Anyway, after starting to see random errors like this we log into SeeFusion and see that
memory usage is running at about 85% and simple page requests are stacking up.
I can force a full GC cleanup in milliseconds but it doesn't do anything for memory usage.
The page response times begin to climb.
At first we though it might be some long running page or report on our site but looking at the actively
running requests we see nothing intensive which could be causing the issue. Looking at the
task manager, the processes on the server are all running at 0% execpt for JRun which is hovering around
15% to 18%.
The problem isn't in the database either.
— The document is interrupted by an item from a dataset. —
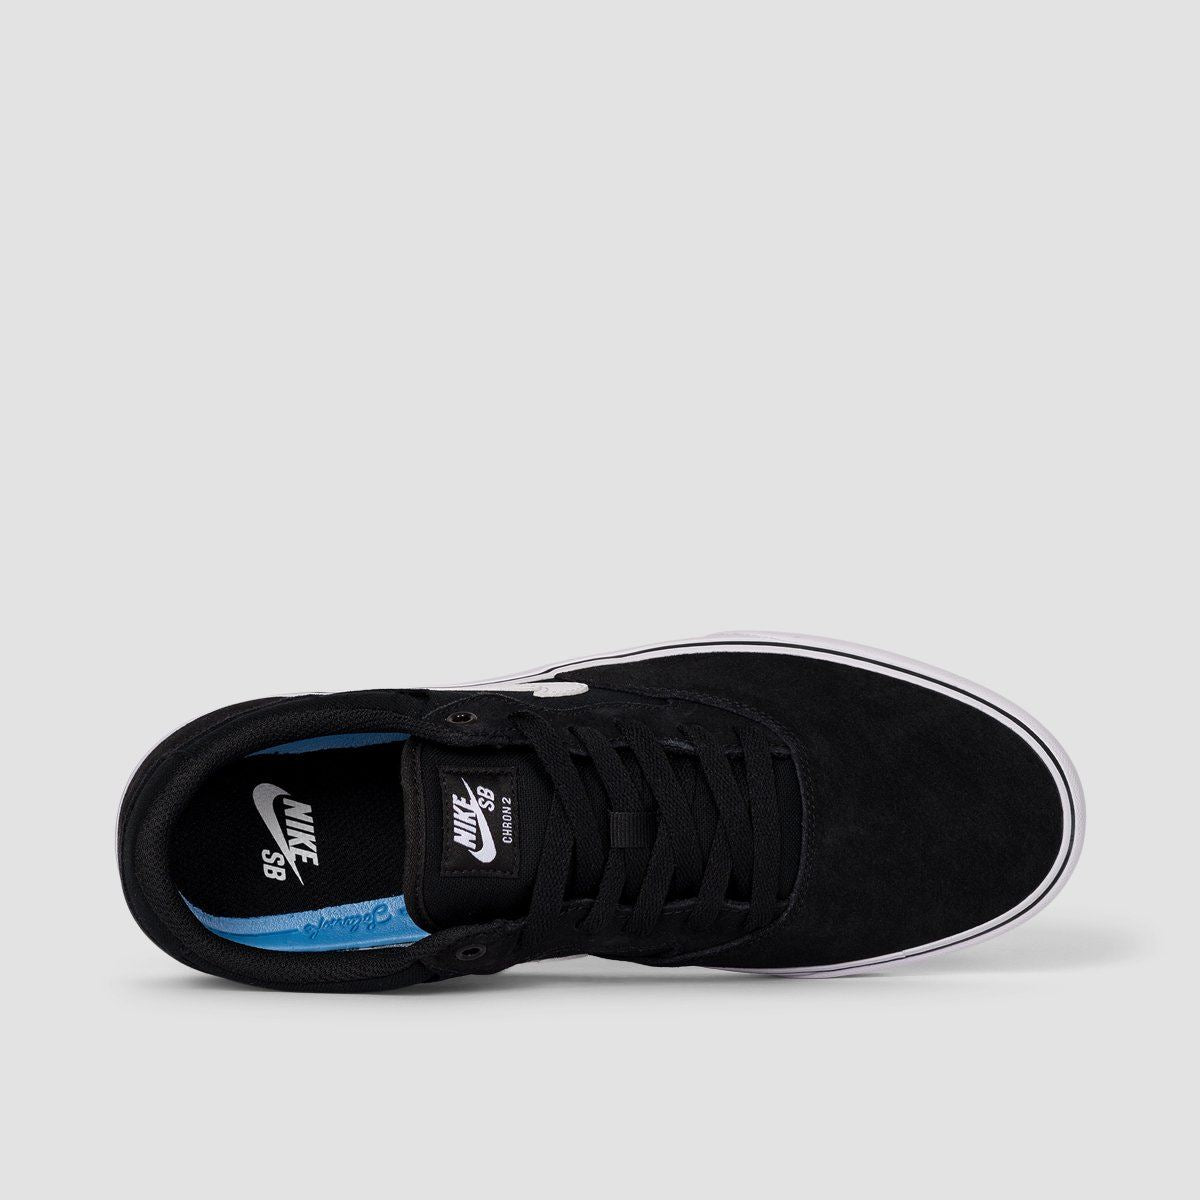 Nike SB Chron 2 Shoes - Black/White/Black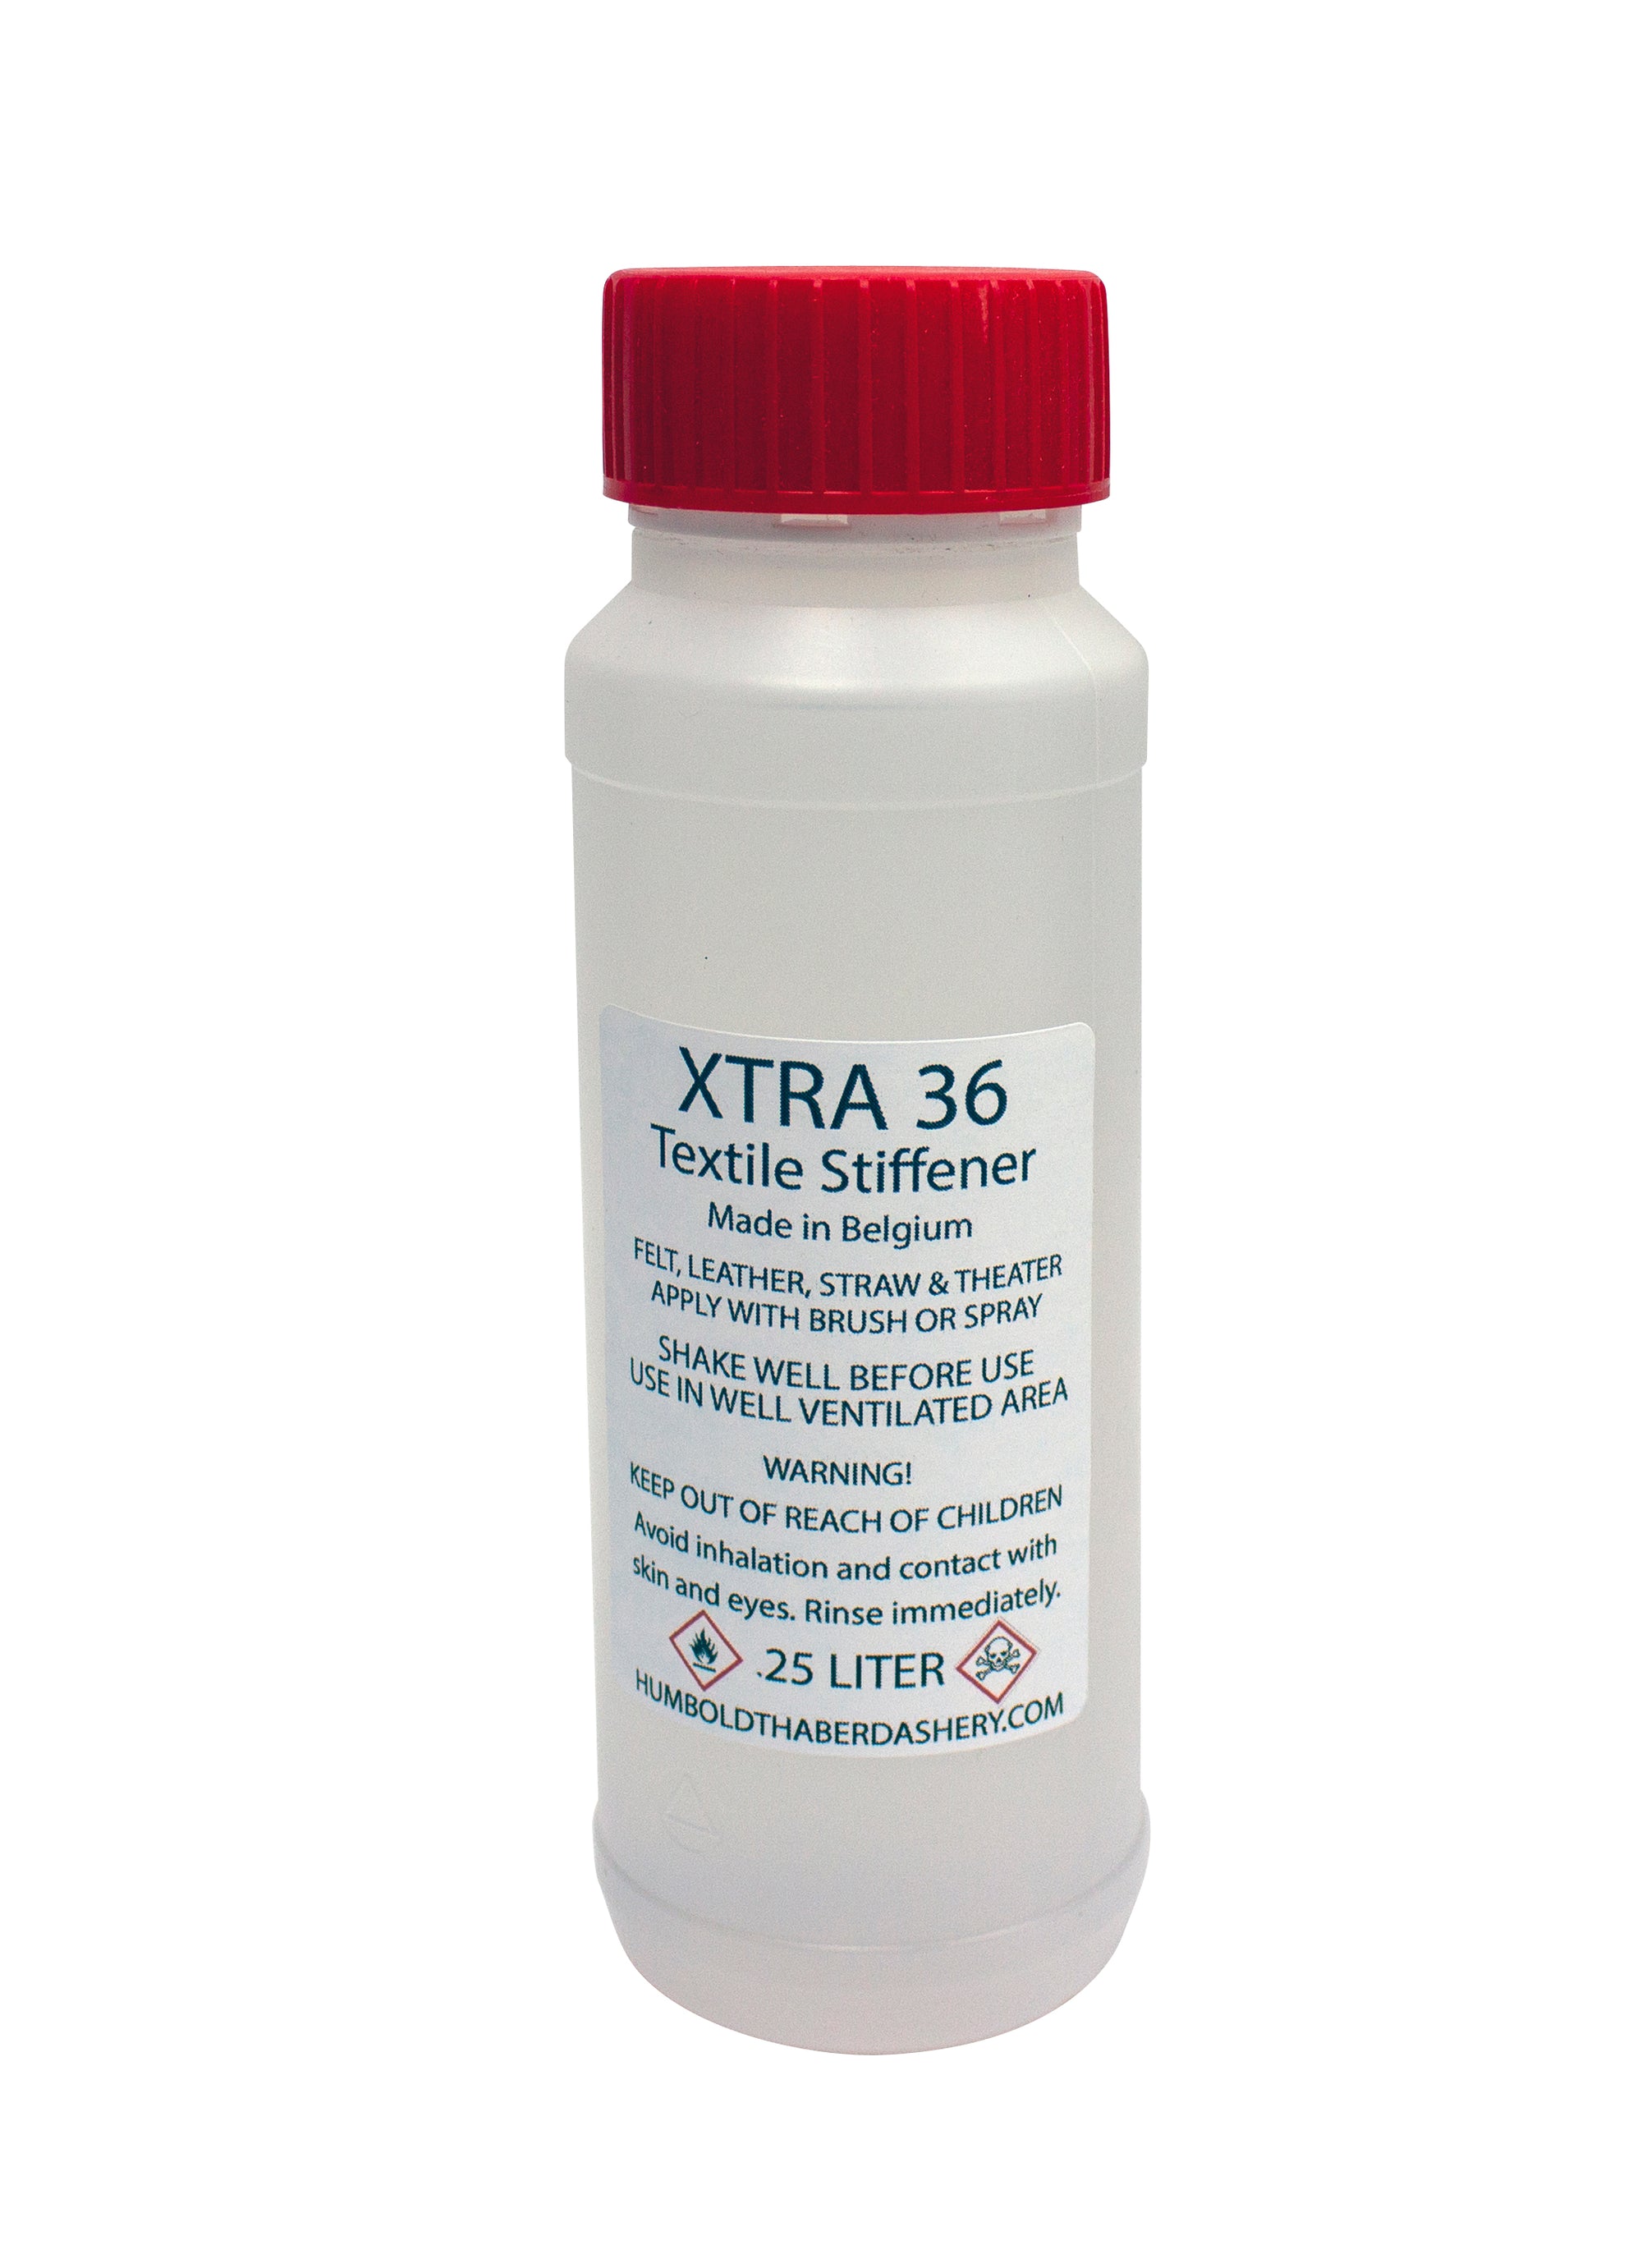 XTRA 36 Textile Stiffener

Our MySQL database shows no long running queries, hung processes, or crashed tables
the application could be stalling over.
All of thisleads up to the site slowing to a crawl and then becoming completely unresponsive while JRun chugs along
at 15% and memory never maxes out. This never causes any errors in the logs ie memory heap errors or connection timeouts.
Its just crawls along. I've never let it sit in this state for more than 5 or 10 minutes so I don't know if it would eventually come back.
The only way so far to bring it back it to restart the CF server at which point everything returns to normal.
In other types of situations like this I've seen JRun peg out at 100% or more percent or memroy is pegged at 100% with an eventual heap error
or the database is locked up causing the app problems. But none of that happens here.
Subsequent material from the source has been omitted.